City Hearts 'Restore' Program presented six streams of optional support covering life skills, health and well-being, recovery, personal development, social development and spiritual development. Women also have access to weekly psychotherapy or counselling sessions. City Hearts Housing offered women a furnished single bedroom with support workers available over night. They provided a weekly program of optional events and an emergency on-call facility. A client story of recovery from longterm eating disorder was featured in the Sheffield Start in February 2019.

City Hearts Africa was launched in Accra, Ghana in 2012. This began with running a homework club and educational academy, aimed at giving vulnerable children a safe place to study and the motivation to stay in education.

In February 2019, City Hearts launched in the Netherlands providing practical support and language cafes for vulnerable women.

== Controversy ==
In March, 2018, a Channel 4 News report into City Hearts suggested they were controlling towards vulnerable clients and 'uncovered allegations that untrained staff were left in charge of victims of trafficking and abuse.' It highlighted interviews with 'around 40 people who were cared for or worked for the City Hearts charity in Sheffield' who spoke of 'their concerns and claims of homophobia.' Individuals described on camera being coerced to disclose their abuse history on stage in front of the church congregation to pass the programme, or being told that being gay was the work of the devil, whilst a staff member described being unqualified and untrained, and told to respond to serious incidents including self-harm with suggestions of prayer and scripture.

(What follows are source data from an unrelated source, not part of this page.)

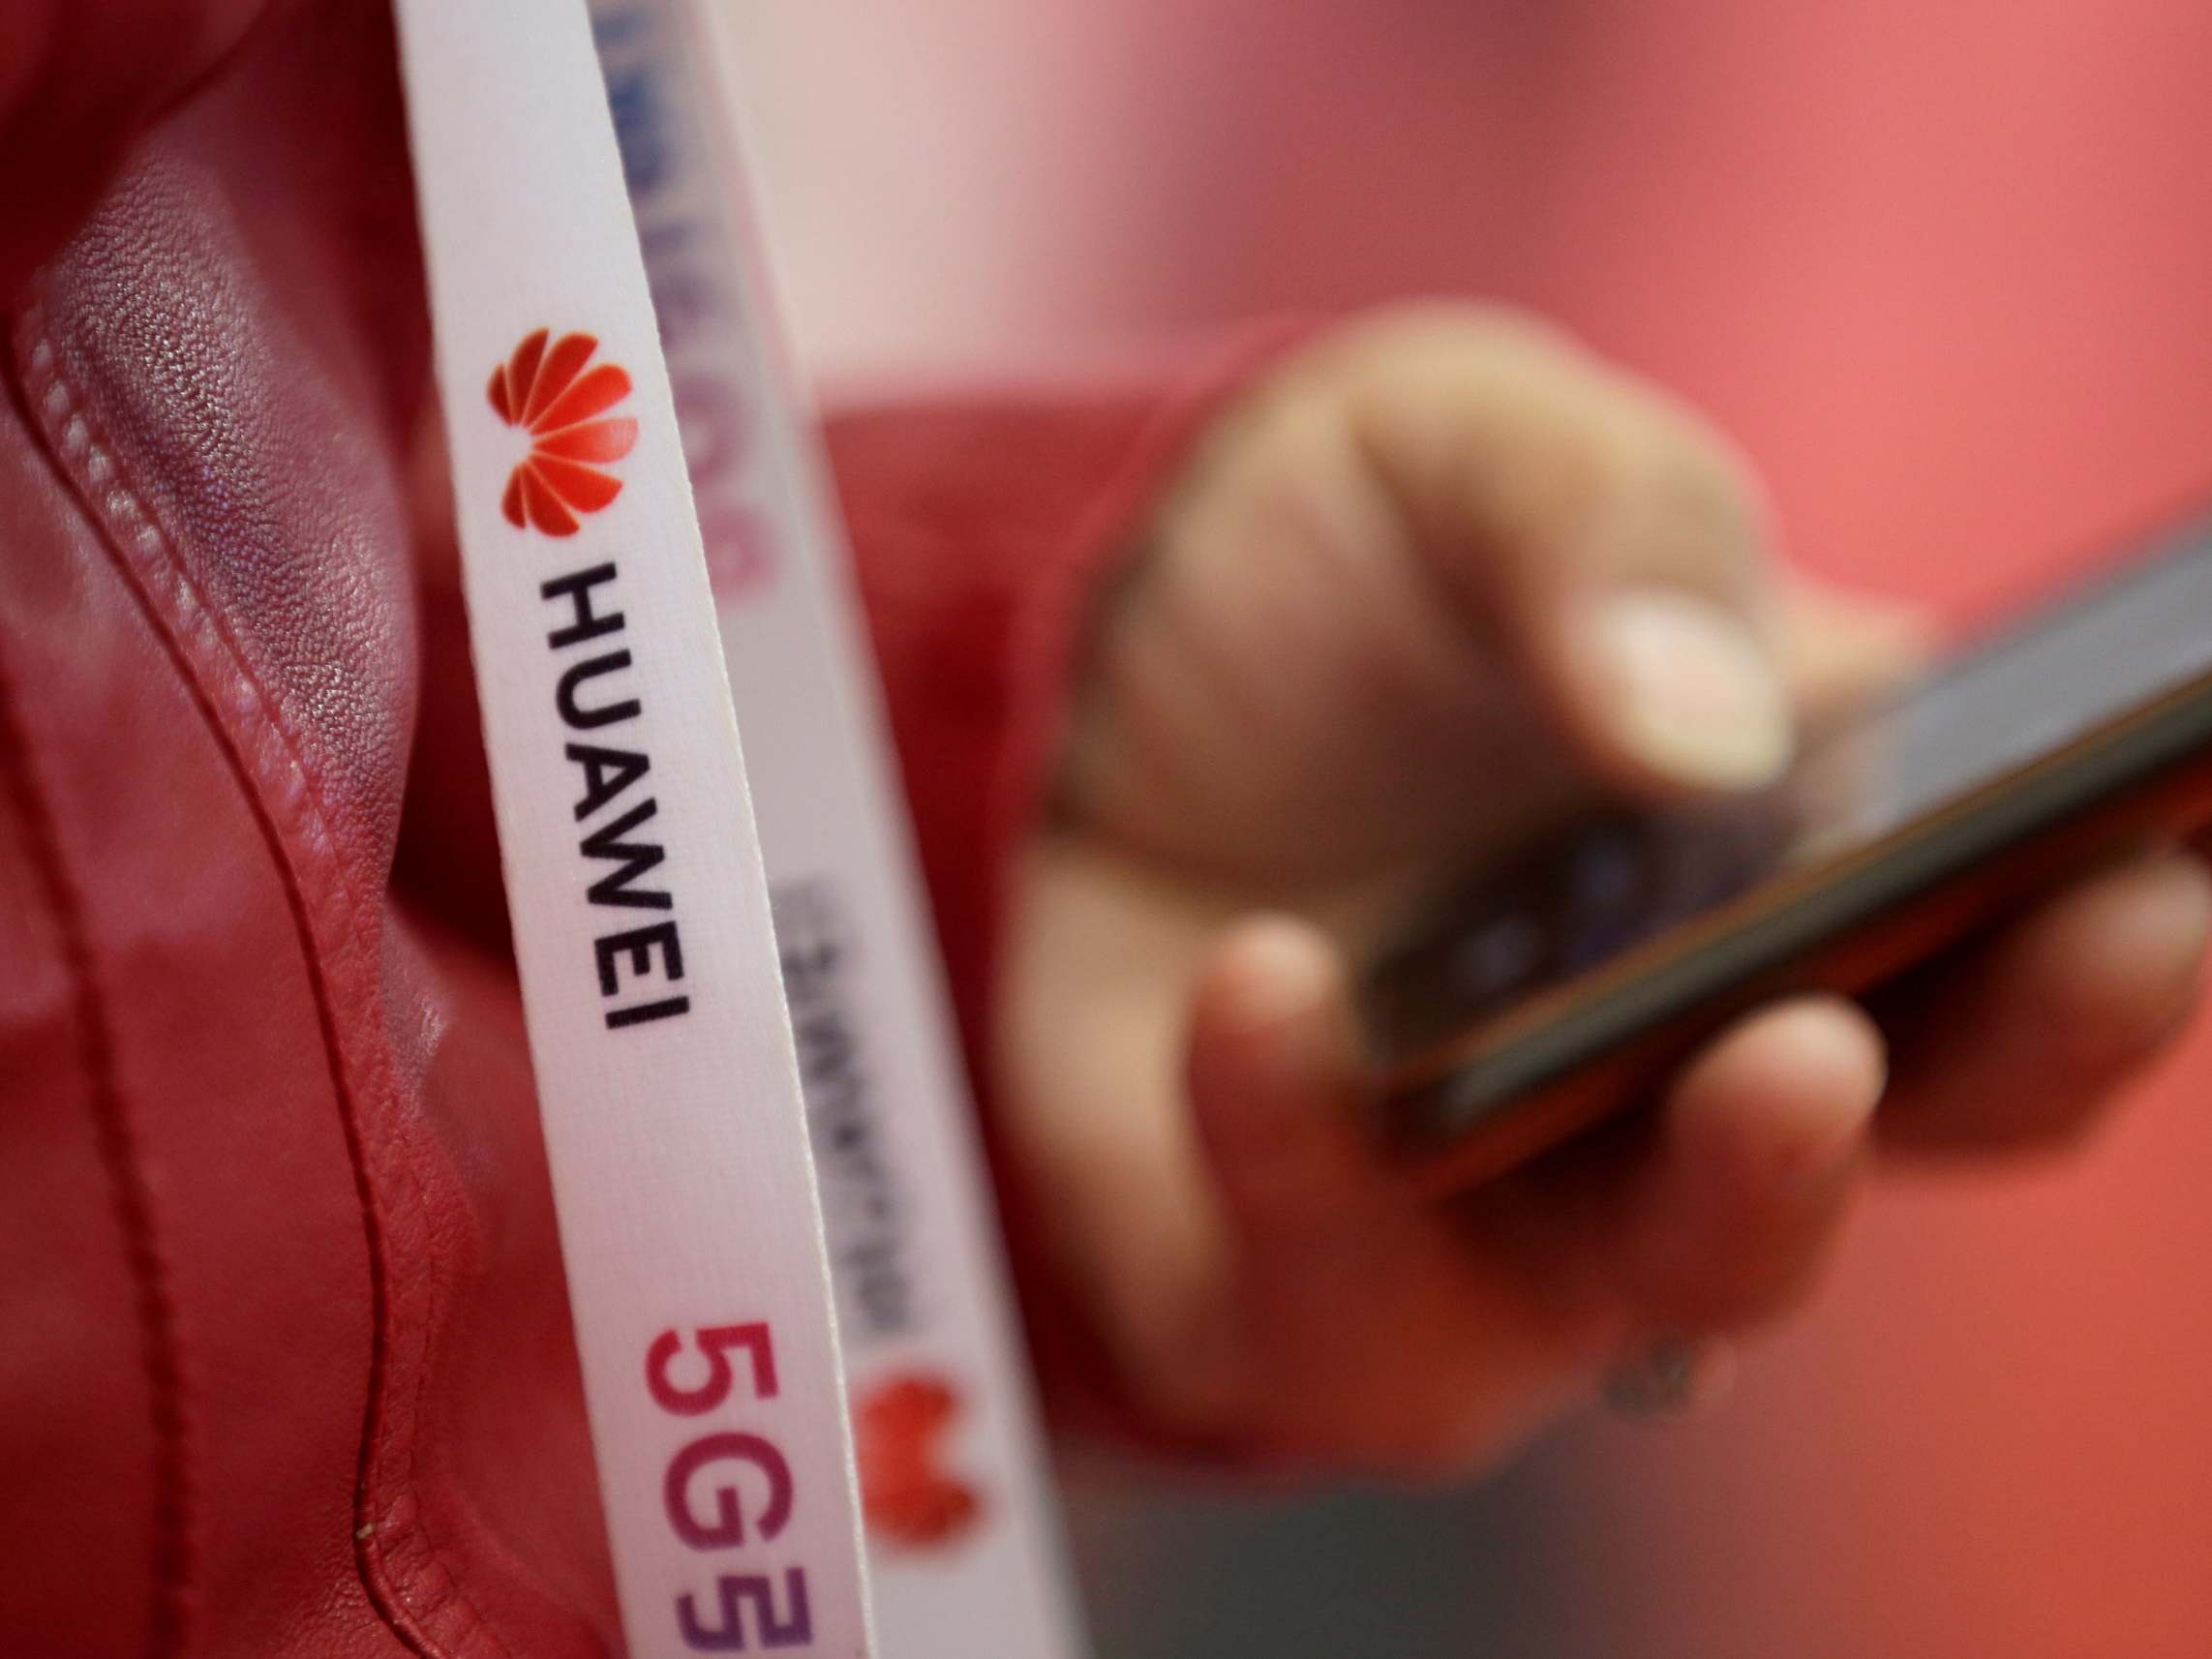 Huawei is in talks about a role in building the UK’s 5G network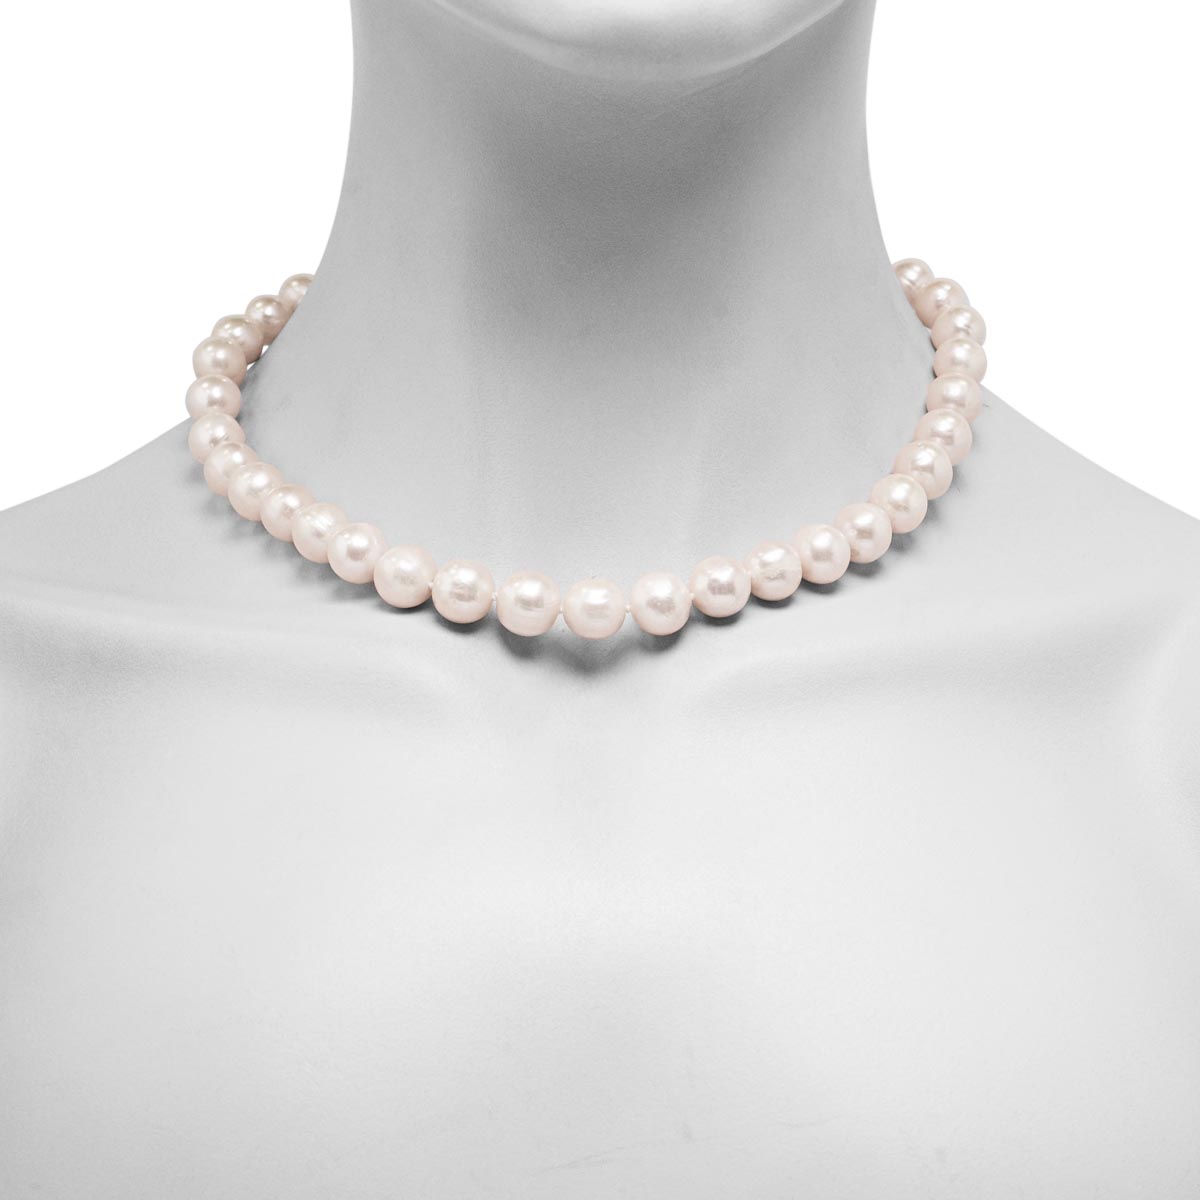 Cultured Freshwater Pearl Earrings and Necklace Set in Sterling Silver (11-12mm pearls)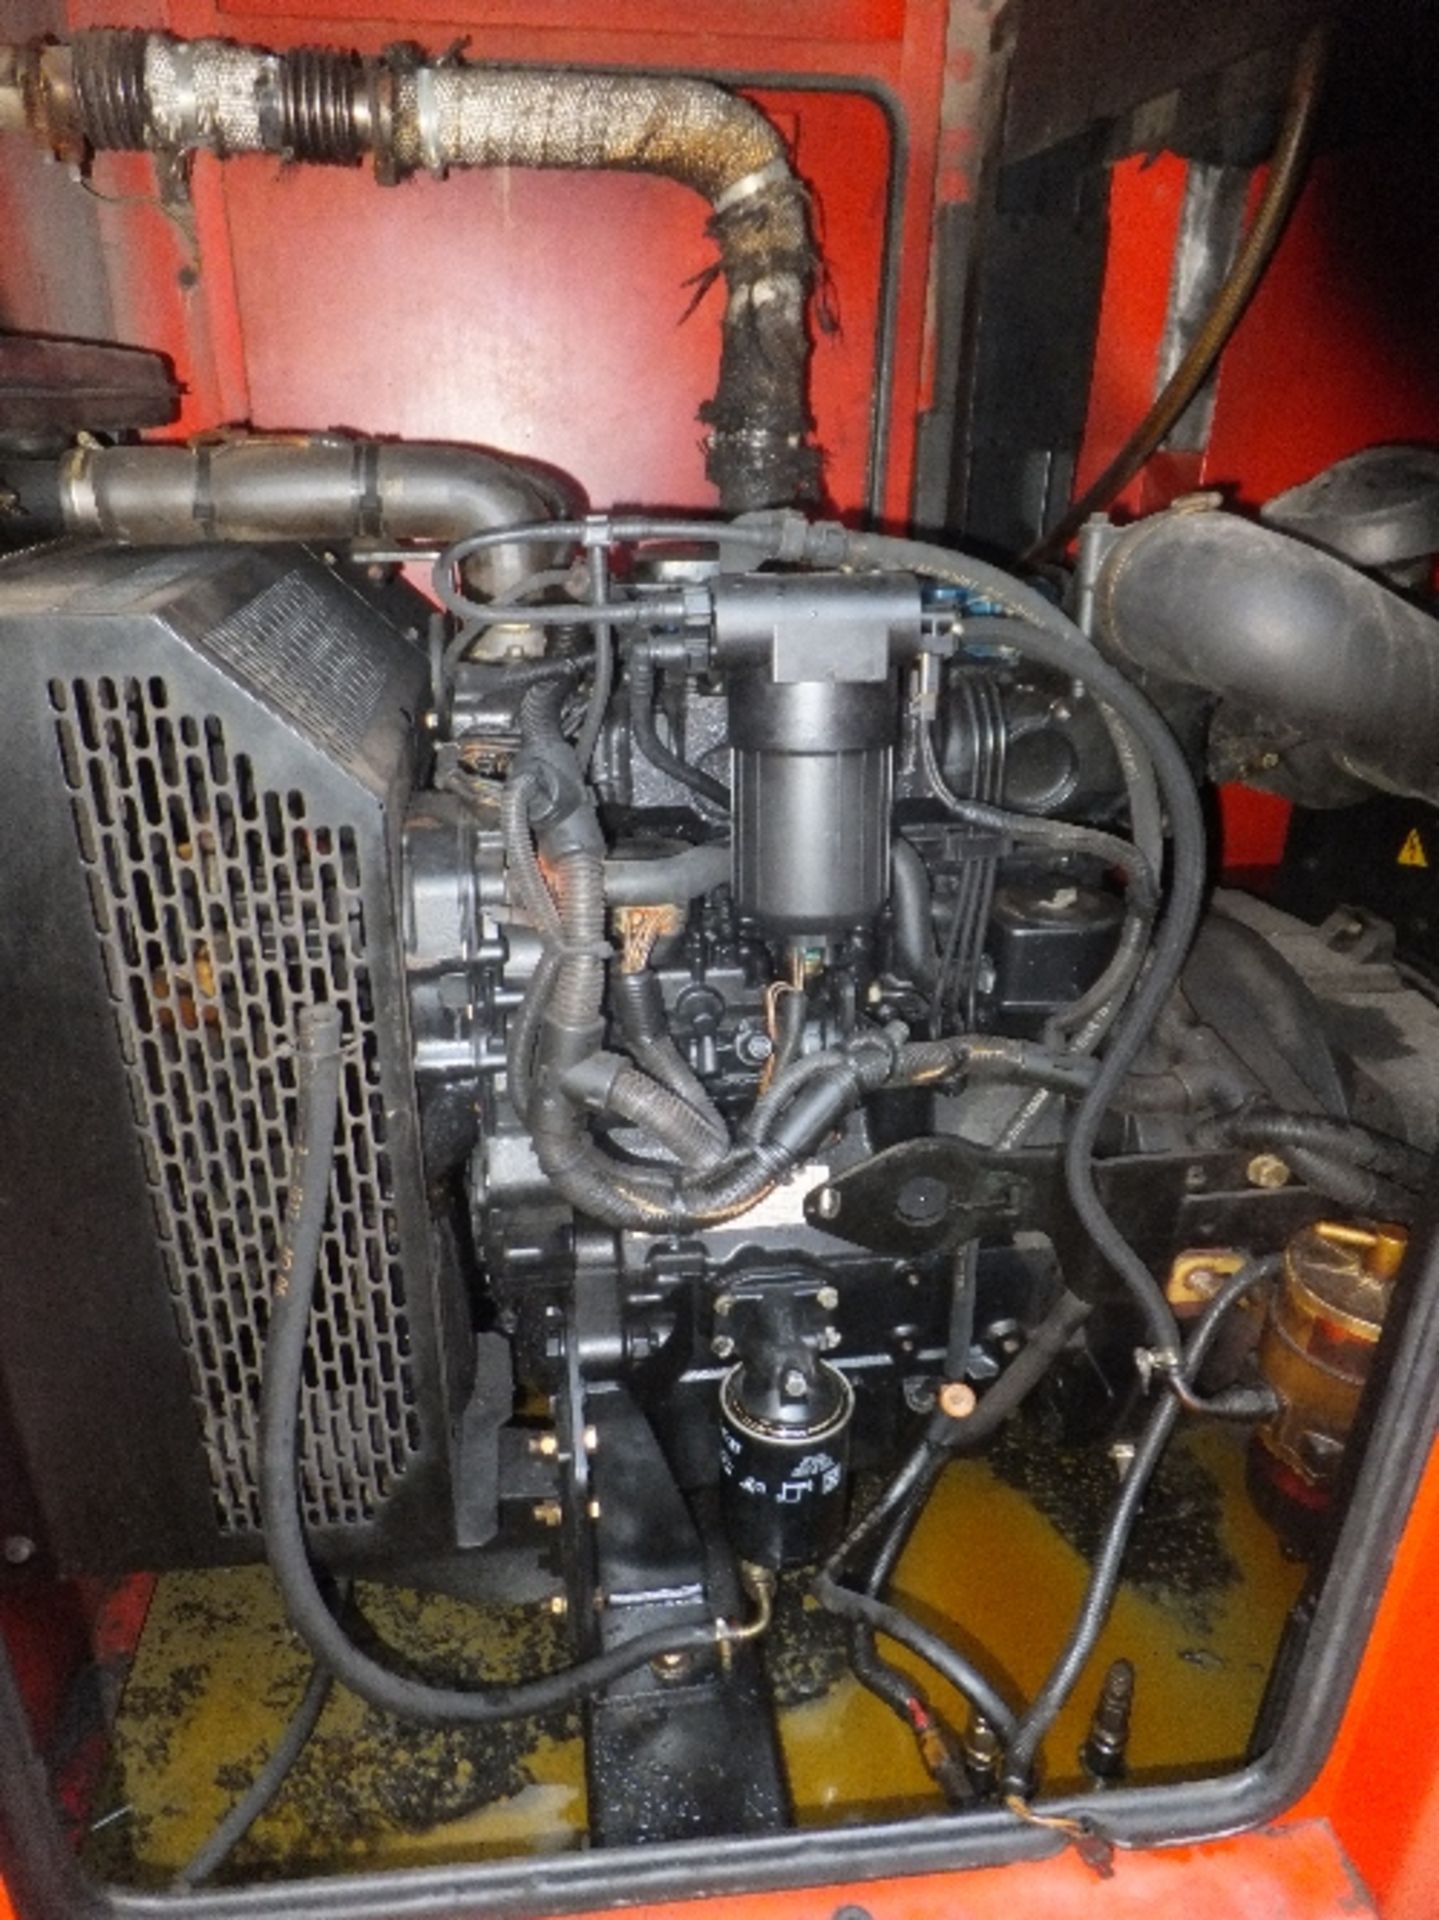 FG Wilson 30kva generator 42095hrs This lot is sold on behalf of Speedy - Image 2 of 6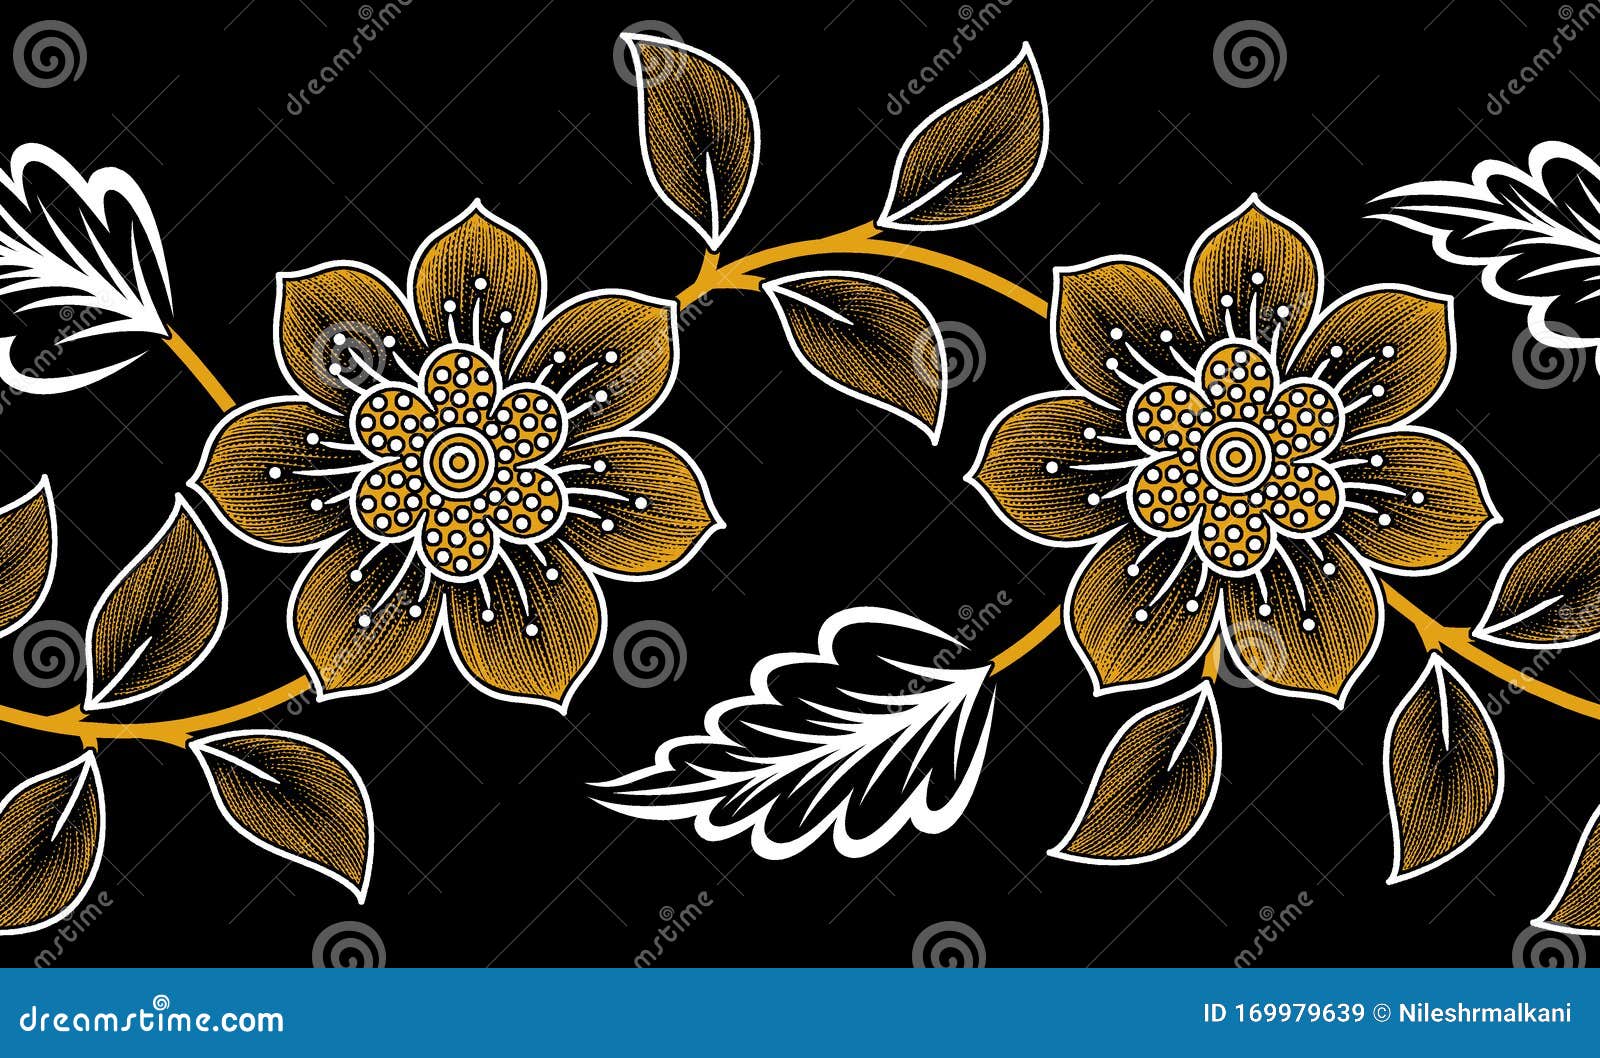 Wallpapers with floral and Asian and Far Eastern designs

The Home Office and Charity Commission stated that the allegations were "deeply distressing" and were in the process of investigating.

City Hearts split from Hope City Church and became legally independent in March 2020. They then shared no premises, and retained no practical, legal, financial or influential connections with them.

Since 2015, City Hearts has had its own distinct Board of Trustees, externally judged to be independent-thinking professionals with specialist experience relevant to the charity. None of City Heart's Board of Trustees had any links to Hope City Church.